Naturally, Sundance 2006 was not without its wasted moments, including just about every one I spent watching selections from the festival’s Premieres section (reserved for larger-budget films, or those by more-established directors). That was where one could find what may have been this year’s most buzzed-about title, Jonathan Dayton and Valerie Faris’s Little Miss Sunshine, a dysfunctional-family comedy that many regarded as a laugh riot, but which I (and at least a dozen other critics at the press screening I attended) saw as a vile, hateful and stupendously unfunny work of comic desperation, with a third-act climax that borders on child pornography. And then there was Neil Burger’s The Illusionist, a period romantic thriller not half as tricky as it thinks it is, about a master magician whose love for the fiancée of the Austrian crown prince causes him to be fingered as a government subversive.

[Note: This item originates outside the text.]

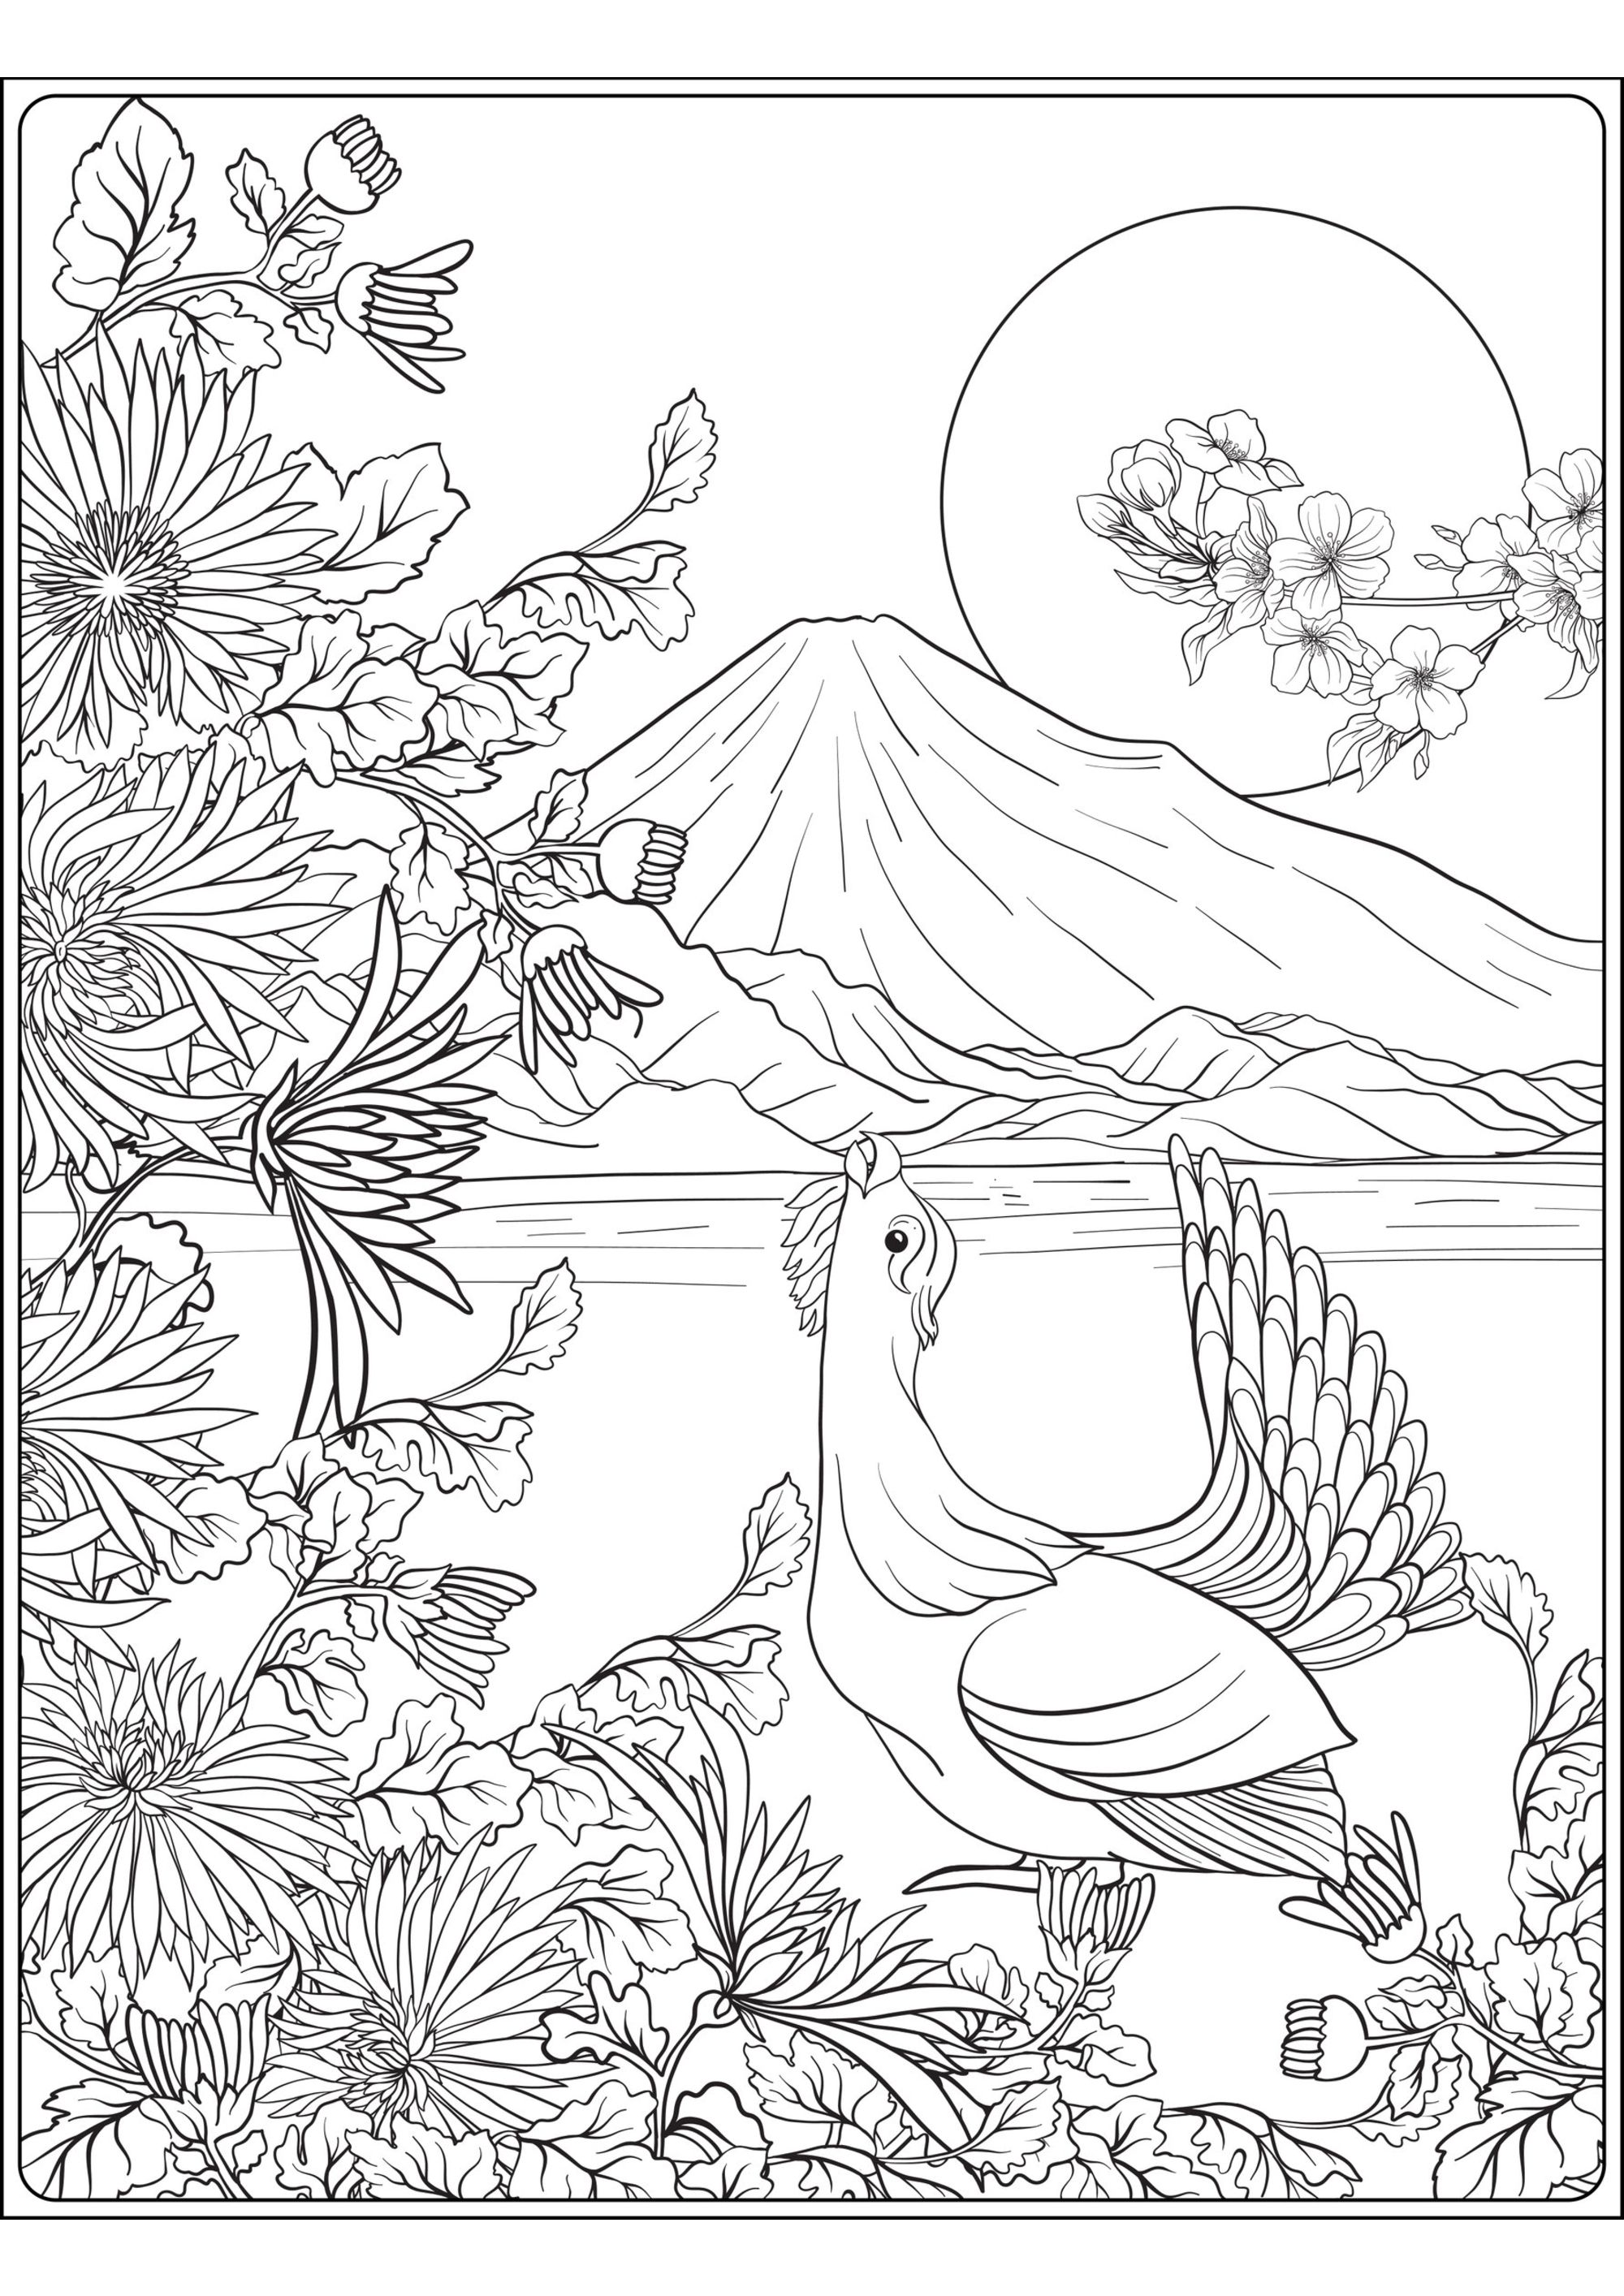 Mount Fuji and bird. A superb coloring page on the theme of Japan, with a bird, Mount Fuji, and a foreground filled with pretty plants and flowers, Artist : Elena Besedina   Source : 123rf

Discussing the film afterward with a colleague, I discovered that it had kept us both pinned to the edge of our seats — him wondering what was going to happen next, me wondering how stars Edward Norton and Paul Giamatti could have possibly thought this piece of junk was a good career move. Little Miss Sunshine and The Illusionist were nevertheless among Sundance’s hottest tickets, and it may be that the continued presence of such films — independent of financing, but hardly of vision — is something of a necessary evil in Park City, where many now come to enjoy high-ticket parties and rub elbows with movie stars. But it was in Old Joy and In Between Days that I glimpsed the true spirit of Sundance. Long may it live.